'''

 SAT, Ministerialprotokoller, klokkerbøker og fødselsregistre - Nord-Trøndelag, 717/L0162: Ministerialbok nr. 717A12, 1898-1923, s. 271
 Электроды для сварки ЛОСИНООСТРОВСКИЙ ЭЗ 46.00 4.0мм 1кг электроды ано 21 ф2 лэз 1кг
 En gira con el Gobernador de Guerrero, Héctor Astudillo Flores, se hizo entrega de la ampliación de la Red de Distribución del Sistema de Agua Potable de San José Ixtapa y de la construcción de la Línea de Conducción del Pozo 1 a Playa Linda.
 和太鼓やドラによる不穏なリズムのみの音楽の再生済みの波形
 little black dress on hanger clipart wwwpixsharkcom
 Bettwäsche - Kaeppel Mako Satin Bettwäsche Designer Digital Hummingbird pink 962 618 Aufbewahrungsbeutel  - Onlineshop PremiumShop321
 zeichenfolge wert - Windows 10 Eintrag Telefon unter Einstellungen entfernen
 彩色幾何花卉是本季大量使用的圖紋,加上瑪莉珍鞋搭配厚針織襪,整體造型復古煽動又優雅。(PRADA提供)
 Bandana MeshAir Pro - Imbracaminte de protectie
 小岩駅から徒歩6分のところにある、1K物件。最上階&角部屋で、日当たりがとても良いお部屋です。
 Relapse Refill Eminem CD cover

'''

◆ What you need to do ◆
Starting from the first line of the records above, retype each line exactly up to and including the one that contains "little black dress", and nothing more.

◆ Answer for this exercise ◆
 SAT, Ministerialprotokoller, klokkerbøker og fødselsregistre - Nord-Trøndelag, 717/L0162: Ministerialbok nr. 717A12, 1898-1923, s. 271
 Электроды для сварки ЛОСИНООСТРОВСКИЙ ЭЗ 46.00 4.0мм 1кг электроды ано 21 ф2 лэз 1кг
 En gira con el Gobernador de Guerrero, Héctor Astudillo Flores, se hizo entrega de la ampliación de la Red de Distribución del Sistema de Agua Potable de San José Ixtapa y de la construcción de la Línea de Conducción del Pozo 1 a Playa Linda.
 和太鼓やドラによる不穏なリズムのみの音楽の再生済みの波形
 little black dress on hanger clipart wwwpixsharkcom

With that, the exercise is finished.